The device could also provide patients with more personalised, efficient doses of medications, reducing the risk of over- or under-medicating and creating personalised drugs that are tailored to the individual. It’s an ambitious plan, and while Vitae has yet to show off the AutoCompounder, the company has already attracted over $2m (£1.5m) in investment, and is planning to launch a pilot program with selected pharmacies in Q1 2018.

CaliBurger will let you order your food with just a smile thanks to facial recognition

California-based burger chain CaliBurger hasn’t been shy about embracing technology, and has even drawn criticism for plans to replace workers with burger-flipping robots at its grills. However, its latest advance is focused on the customers, with kiosks capable of identifying loyalty members and remembering their previous orders.

The company partnered with the NEC Corporation to create the kiosks, which use NEC’s NeoFace facial recognition software to identify registered customers, pulling up their loyalty accounts and order preferences. The devices are only in the brand’s Pasadena location at the moment, but if they prove successful, they’ll be rolled out to the company’s global locations next year, and will even be expanded to let customers pay using their faces.

“Our goal for 2018 is to replace credit card swipes with face-based payments,” said John Miller, chairman and CEO of Cali Group. “Facial recognition is part of our broader strategy to enable the restaurant and retail industries to provide the same kinds of benefits and conveniences in the built world that customers experience with retailers like Amazon in the digital world.”

Laser-equipped shoes help prevent ‘freezing’ in Parkinson’s patients
‘Freezing’ is a common symptom in people with Parkinson’s disease, where they find themselves unable to make forward progression with their feet despite the intention to walk. A new study by researchers at the University of Twente and Radboud university medical centre in the Netherlands has found that shoes equipped with lasers that project a line onto the floor ahead can help wearers significantly.

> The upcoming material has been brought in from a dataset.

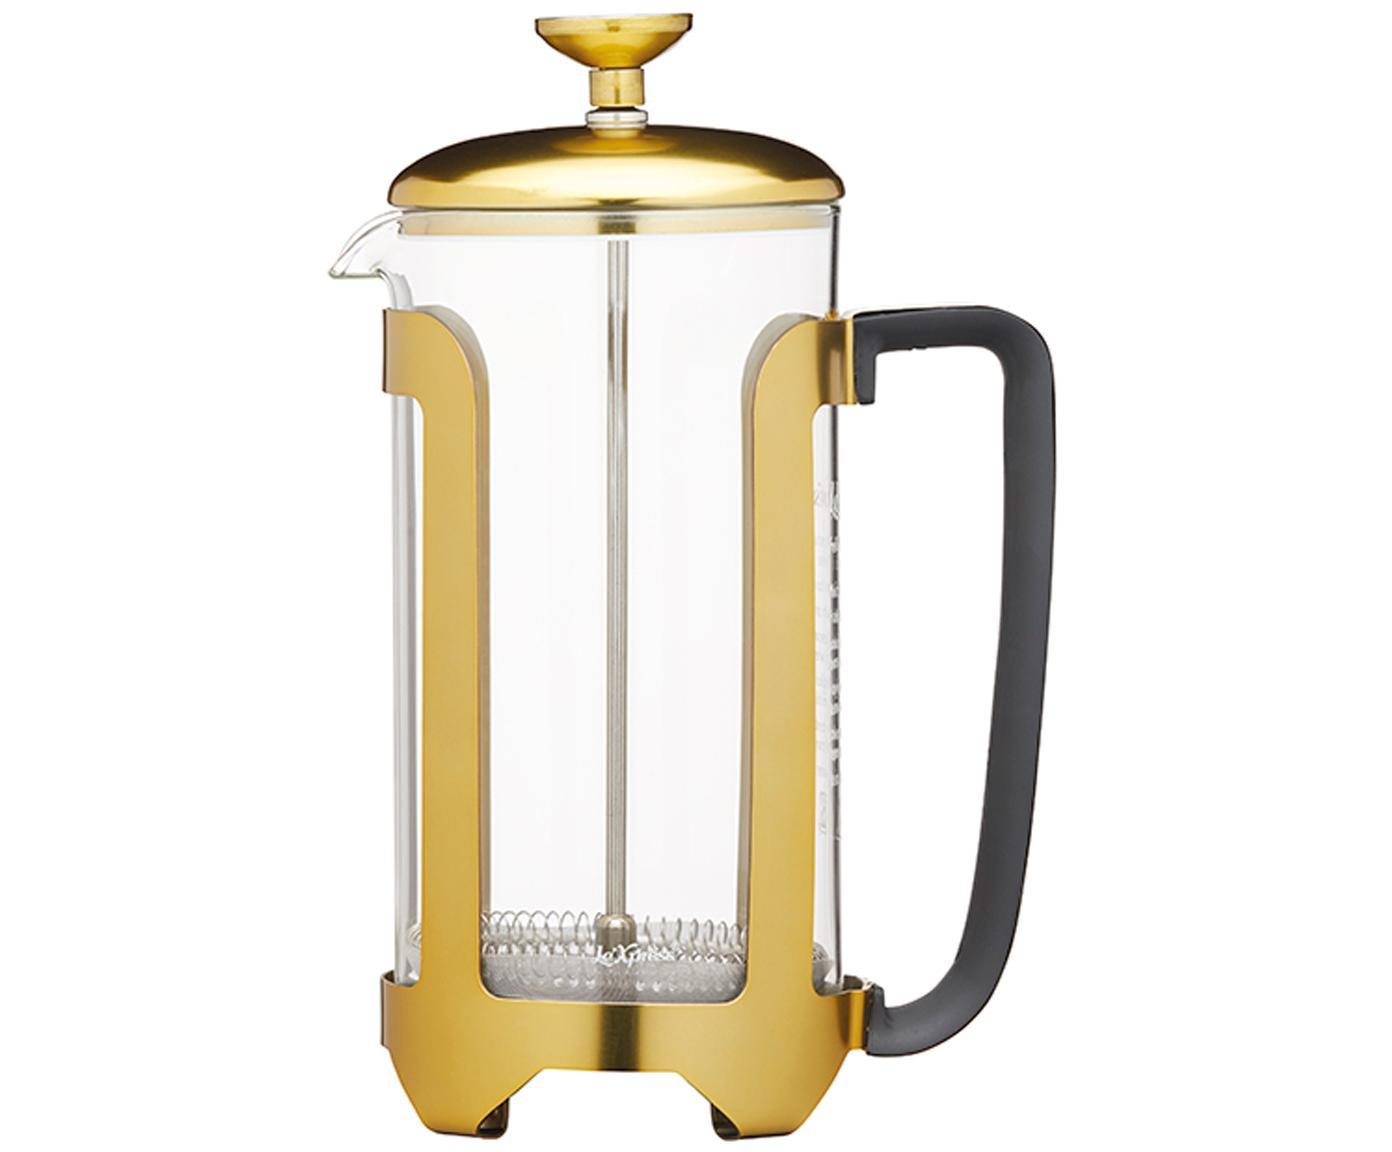 Caffettiera in oro/trasparente Le'Xpress, Vetro borosilicato, metallo, rivestito, Trasparente, ottonato, 1 l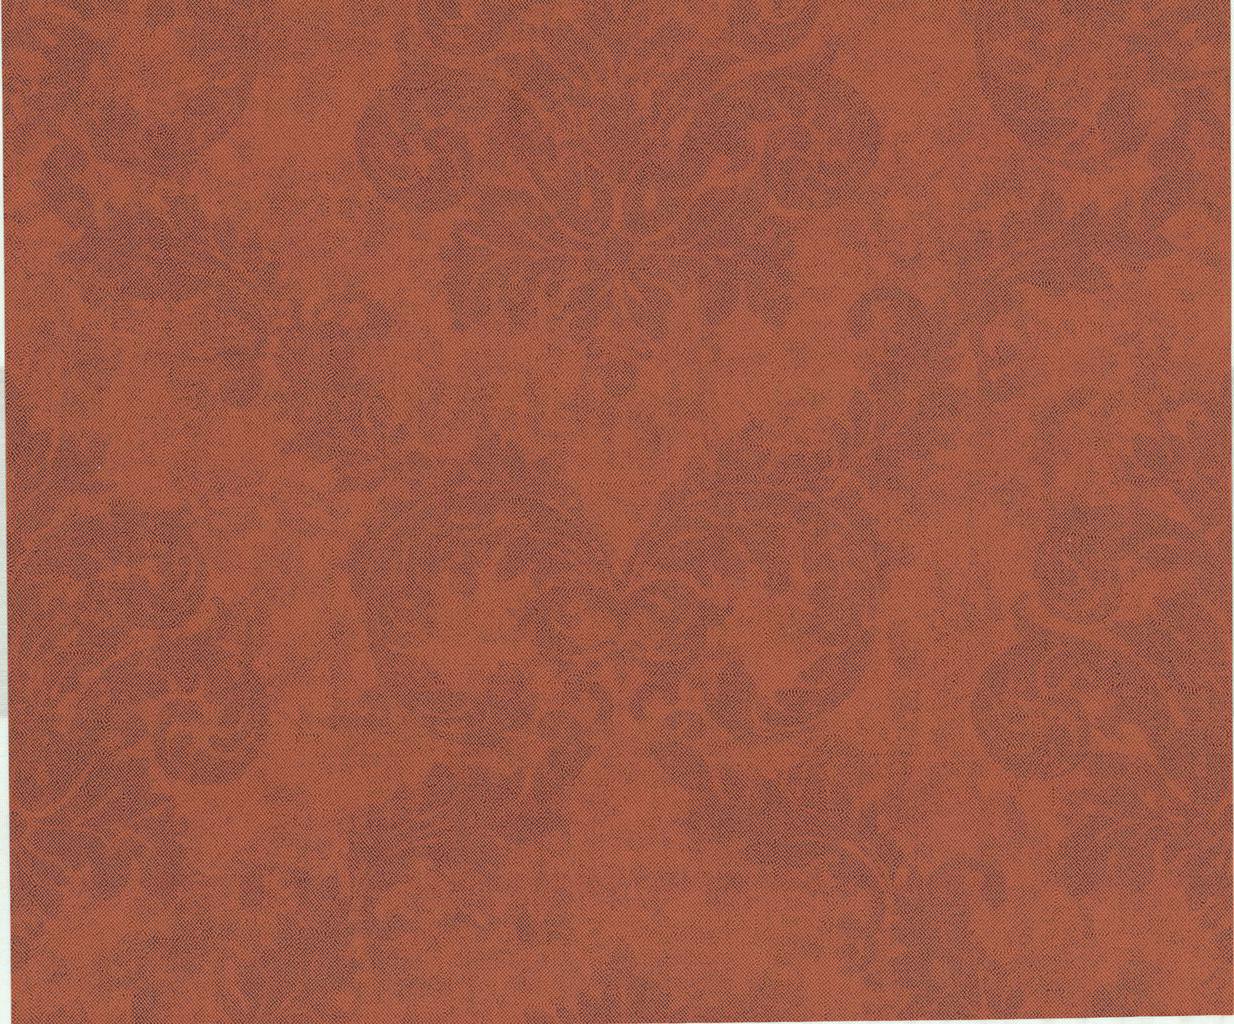 Итальянские обои Estro,  коллекция Elegance, артикулB1120203

Freezing of gait is a severe symptom that general develops in more advanced stages, and is often triggered by the stress of an unfamiliar environment or when medication wears off. It can last seconds to minutes, and can even cause sufferers to lose balance and fall if their foot remains glued to the floor while their upper body continues to move forward.

Patterns on the floor can help prevent this, providing visual cues that activate other circuits in the brain and releasing the blockages. The shoes project a laser that matches the rhythm of the walker, providing a visual cue even in an environment without them. During trials, the researchers found that the number of freezing episodes were reduced by 46 per cent, and the duration of episodes was also reduced by around half. Further research in everyday environments is planned, but the team behind the shoes are confident about their effectiveness.